S'adressant au personnage central, qui est dans l'échec amoureux, il dit : « Vous disiez que si vous
pouviez encore recommencer votre vie, vous sauriez exactement ce que vous feriez de différent... » Voilà posée la
problématique de la pièce : que ferait-on dans telle situation donnée si l'on pouvait recommencer
sa vie ? Un rêve, non ? Un rêve qui renvoie au cri douloureux de Tchekhov dans Les Trois Soeurs :
Sa démonstration, Frisch la rapporte à une situation amoureuse : un homme épris d'une femme
instable. Dans l'esprit de cette adaptation et celui de notre temps, Hans Peter Cloos a donné à sa
mise en scène un ton de légèreté, une coloration de charme très réussis.
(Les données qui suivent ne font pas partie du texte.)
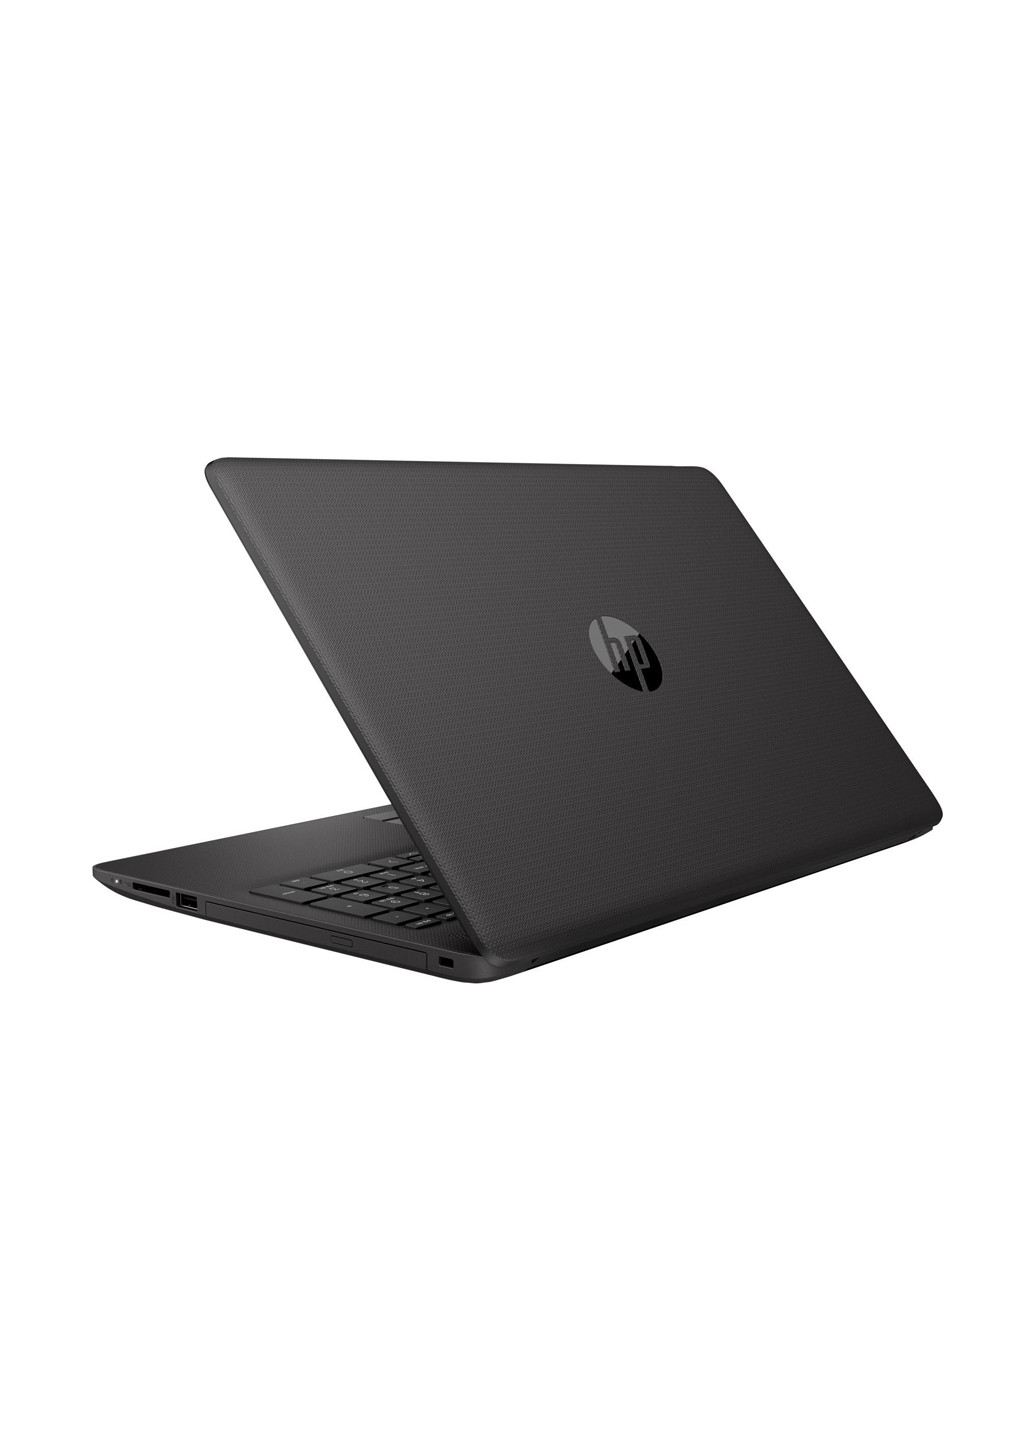 Ноутбук HP 255 g7 (6bn08ea) dark ash silver (158838101)

Il fallait donc deux
acteurs stars. Modernes, brillants, élégants. Lui, c'est Thierry Lhermitte. Il est parfait dans la
retenue douloureuse, dans la fragilité, dans cette espèce d'état démuni où l'inconstance de la
femme laisse l'homme amoureux. Elle, c'est Sylvie Testud. Elle est belle, éblouissante, fraîche,
nerveuse, insolente, sûre d'elle. Quel éclat ! Son entrée en scène est un chef-d'oeuvre.